DANTON'S DEATH
Olivier Theatre, London SE1
Opened 22 July, 2010
***

This is the summer of Howard Brenton. His socialist convictions may be less on view in his play about Anne Boleyn about to open at Shakespeare’s Globe, but they palpably inform both his adaptation of Robert Tressell’s novel The Ragged Trousered Philanthropists (currently playing at Chichester) and his version of Georg Büchner’s 1835 play Danton’s Death. Büchner and Brenton’s Danton is the personification of the limits of legitimacy of the French Revolution: his execution in 1794 marked the Terror becoming as tyrannical and arbitrary as the ancien régime had ever been. The line between proto-socialism and authoritarian dictatorship is drawn in his blood.

He is also the life principle of the Revolution: yes, he drinks and whores, but the play suggests that in this he demonstrates that the upheavals can improve people’s lives, as opposed to the arid virtue of Robespierre being an end in itself. It is not as silly as it sounds to observe that Robespierre gets none of the play’s laugh lines; Danton and his faction, in contrast, even summon up a vein of gallows humour about their own imminent death and bodily decomposition.

Toby Stephens makes an excellent Danton: somehow he seems to swagger on his first appearance even though he is lying on his back in a woman’s arms. At his trial before the Revolutionary Tribunal in Act Three of this uninterrupted 110-minute presentation, Stephens seems to grow physically stockier, as Danton manifests as the rollicking bruiser who symbolised the Revolution’s vigour in so many ways. In contrast, Elliot Levey’s Robespierre is a slighter figure who sometimes raises his voice, but never shouts; he embodies his own sense of propriety to the extent that, even in a period-costumed production, he is the only one to wear a wig. The fiery anti-Danton demagoguery is left to Alec Newman as Saint-Just, at once impassioned and yet heartless as he rails zealously in indictment.
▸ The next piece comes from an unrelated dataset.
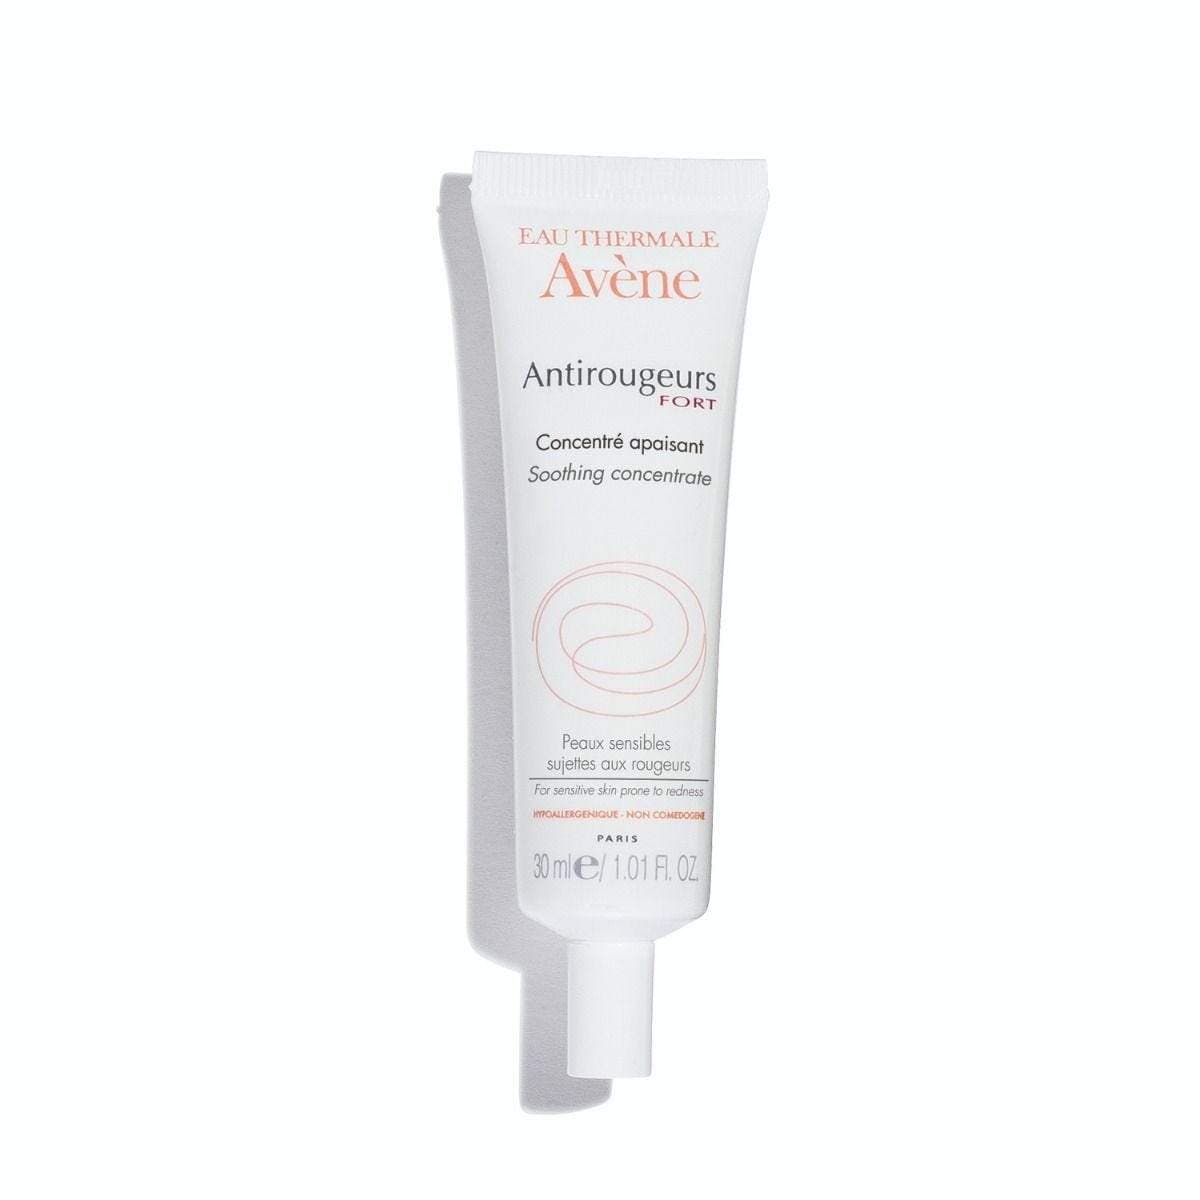 Avène Antirougeurs Fort Soothing Concentrate

Fine performances, but the play itself has not aged well. Personal and political speeches alike bear the stamp of Romanticism, but not even Brenton’s playwriting skill and ideological dedication, combined with Michael Grandage’s directorial control and the strong central cast, can make these serial debates (usually laden with Roman republican allusions) vibrant. As with the Tressell adaptation, fine ideals do not necessarily translate into equally fine drama.

Written for the Financial Times.

Copyright © Ian Shuttleworth; all rights reserved.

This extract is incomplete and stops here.